Крипун почесал лоб. Внимательно посмотрел на смеющегося Антона, потом его осенило.

— Эмблема желтая, а куртка синяя, получается цвет хохлацкого флага, так это что…

— …это означает, что на принципиальнейший матч с дружественной, но чужой страной ведущий политический блок выводит своих сторонников в куртках цвета флага этой самой чужой страны.

— Дятлы.

— Скандал.

— Как бы не побили ребят в метро.

— Их проблемы, мы эти куртки не наденем, а билеты у нас есть, но суть не в этом, я потом с Михалычем пересекся.

— На сколько опоздал он в этот раз?

— На час, явно не рекорд, так вот мы с ним поболтали, он откинул пару одномандатных наклевок, надо будет в понедельник прозвонить, а потом мы с ним в штаб «медведей» подъехали, а там всё знакомые лица, и, знаешь, разговор как-то потолковей.

— Всегда пожалста.

— Ну, например, в том, что оплата продукта по факту и тексты не куча дятлов читает, а один приемщик, ну и денег чуть поболее сулят.

— Всегда прекрасно.

— Главное, чтобы «Отечество» не обиделось, все-таки власть будущая.

— Вот не уверен, да хотя ерунда вся эта политика, люди, значит, новые нужны.

— Старых надо задействовать, просто ты им объясни, что раньше Волошин это было плохо, а теперь — хорошо, раньше Лужков был спасителем экономики, а теперь стал вором.

— Видел, как его Доренко раздевает?

— Каждую программу смотрю, ну и таким образом, но все равно какой-то пул оставь для «Отечества», сколько-то с них да снимем.

— В портмоне никто у нас нелишний, ладно, давай еще по рюмке, и, может, концерт послушаем?

— А кто там?

— «Чайфы».

— Неплохо, да нет, домой поеду, завтра перед футболом надо с Дашкой погулять немного, нехорошо на нее перегаром дышать.

— Ну давай по полтиннику на ход ноги.

— Давай.

Толя махнул рукой.

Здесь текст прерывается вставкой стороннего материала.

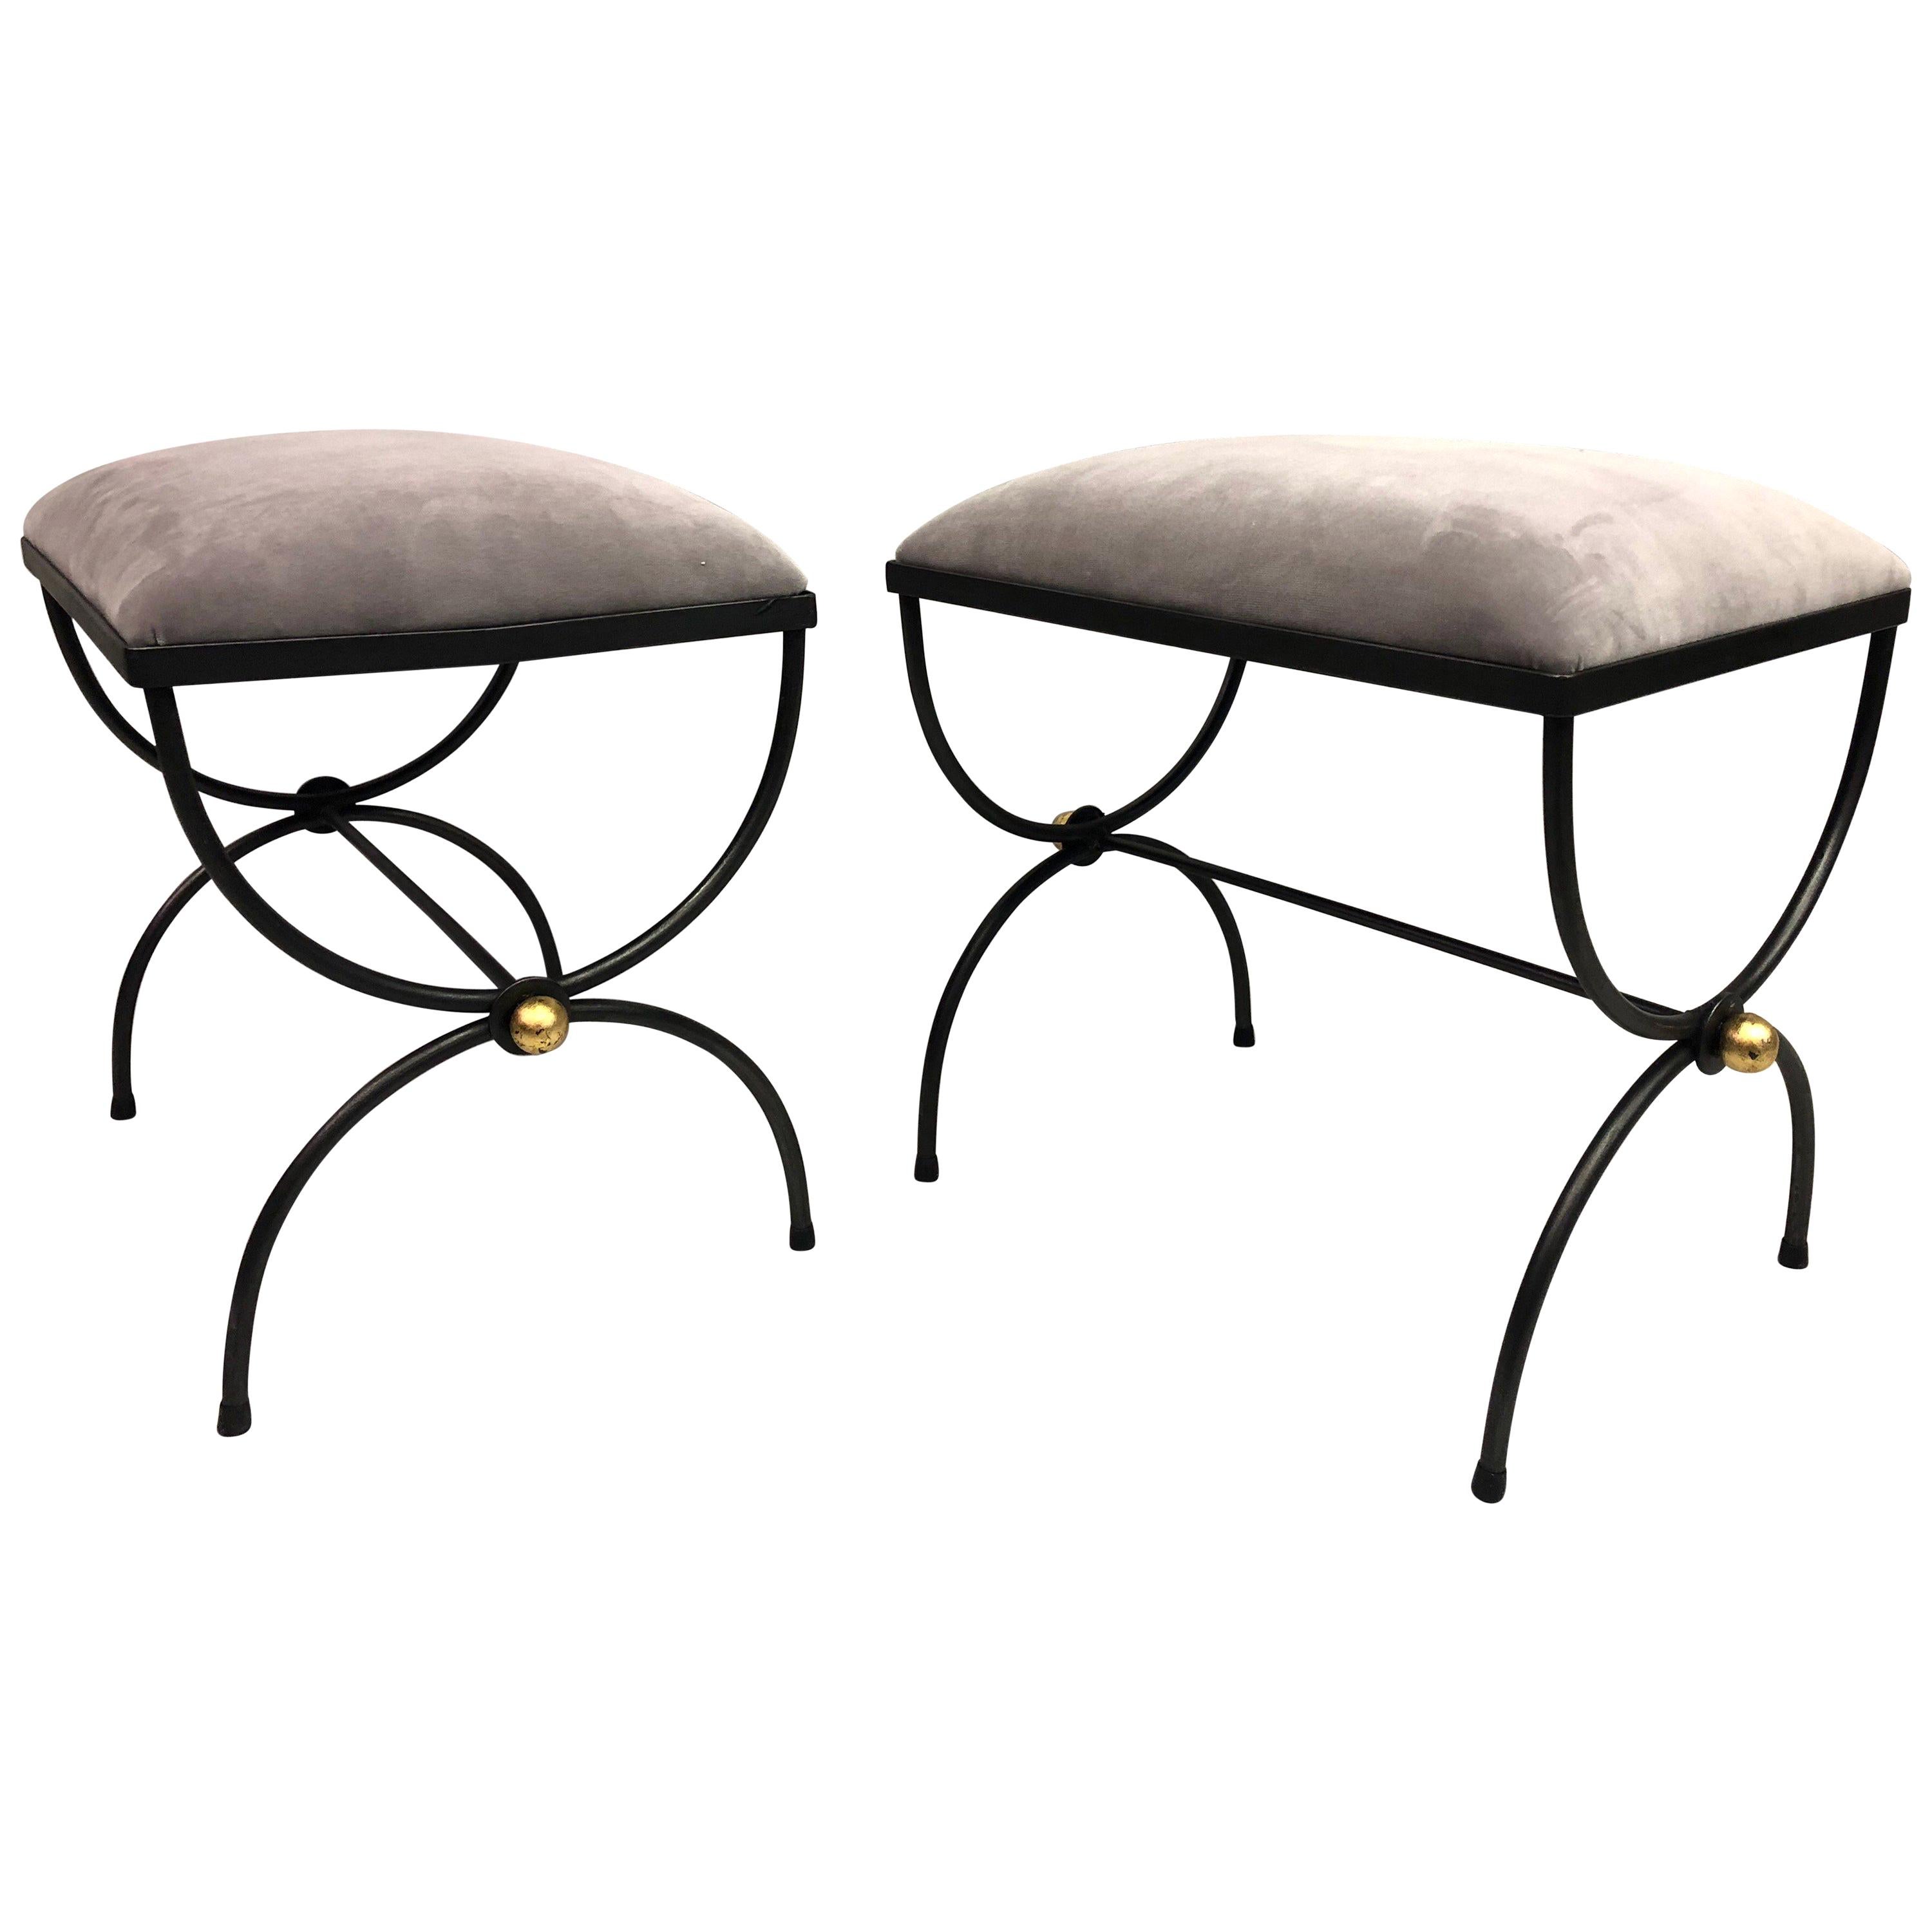 Pair of Mid-Century Modern Neoclassical Wrought Iron and Gilt Benches or Stools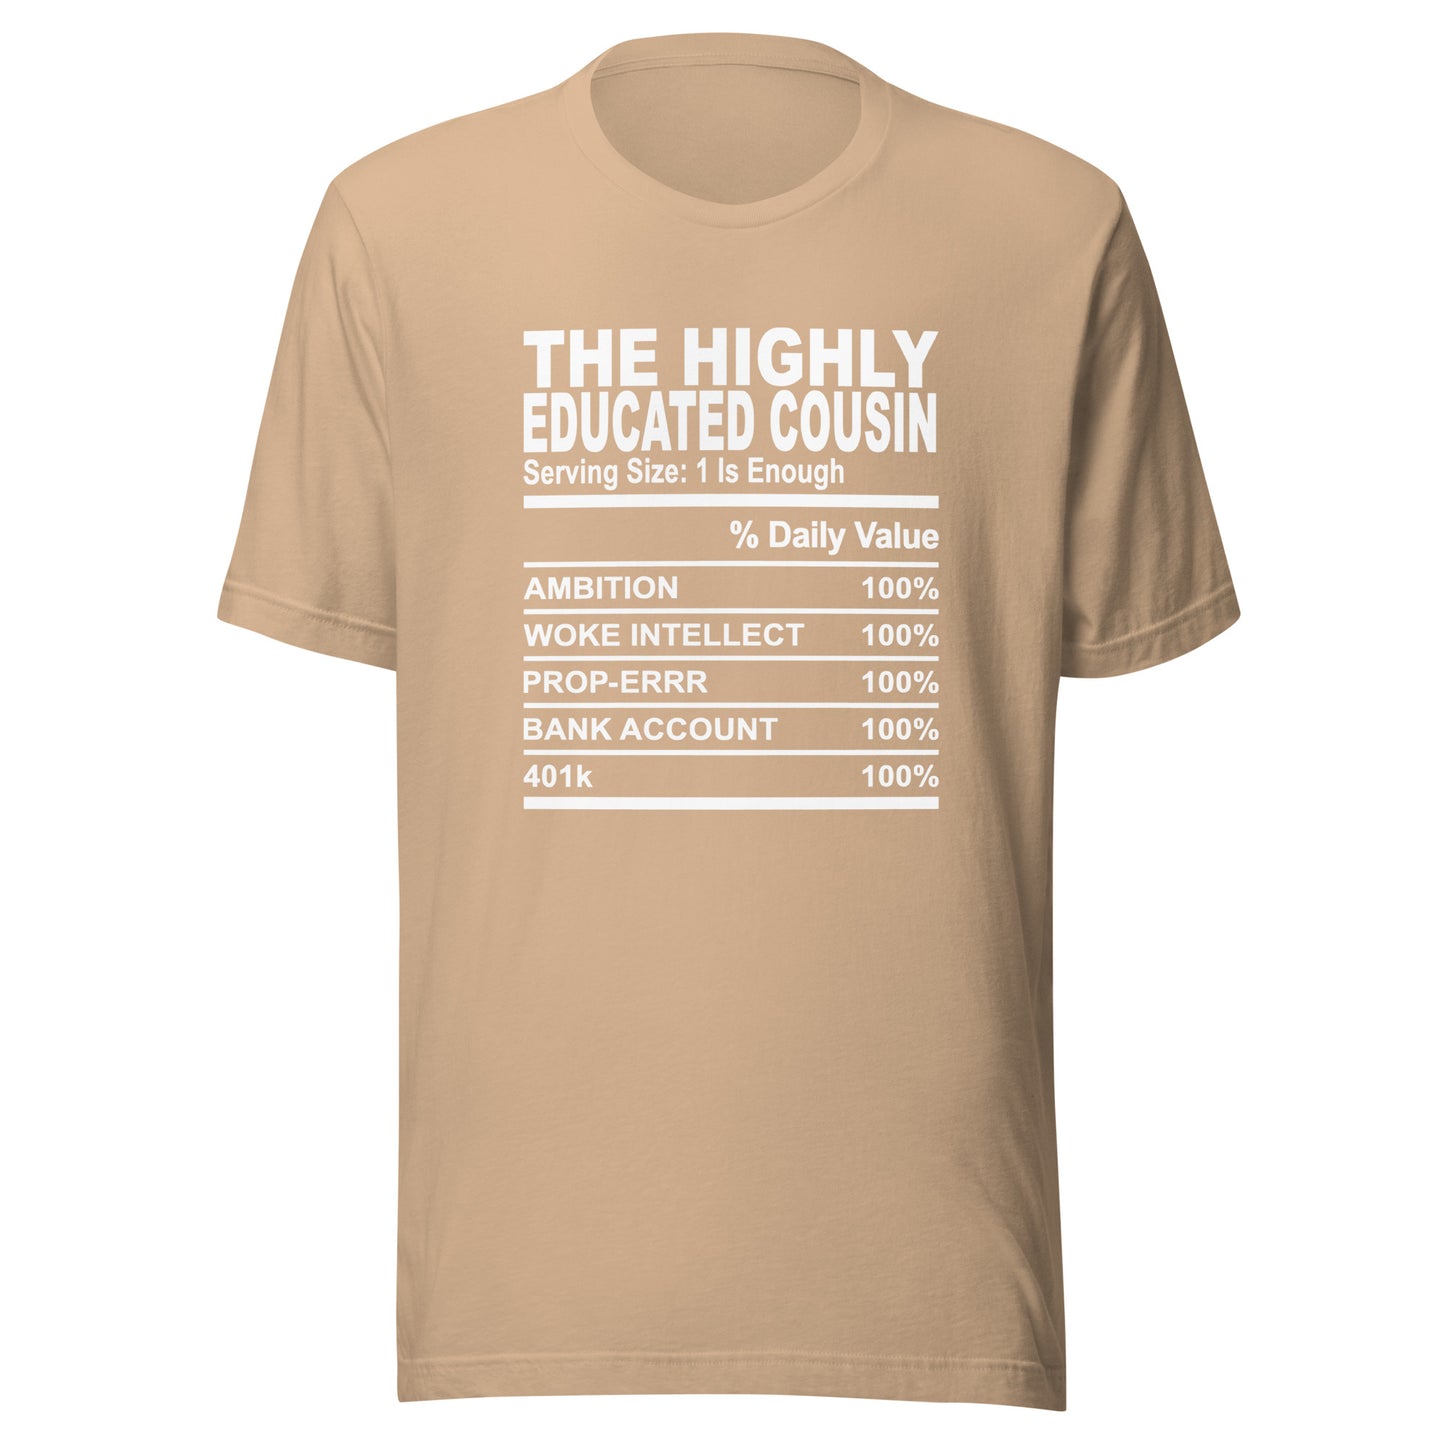 THE HIGHLY EDUCATED COUSIN - 4XL - Unisex T-Shirt (white print)

К ним подошел высокий худой официант с бородкой, которые в фильмах пятидесятых годов клеили меньшевикам. Судя по бейджику, официанта звали Степан Шумейко.

— Нам два по пятьдесят и… а вы не родственник, случайно?..

— Эх, молодые люди, если бы я был родственником, то накрыл бы поляну и сел бы рядом с вами, — улыбнулся официант.

— Отличный ответ, — порадовался Маяков. Беседа навела его на философское настроение, он даже подумал остаться послушать «Чайфов», выпить как следует, может, познакомиться с новыми девчонками.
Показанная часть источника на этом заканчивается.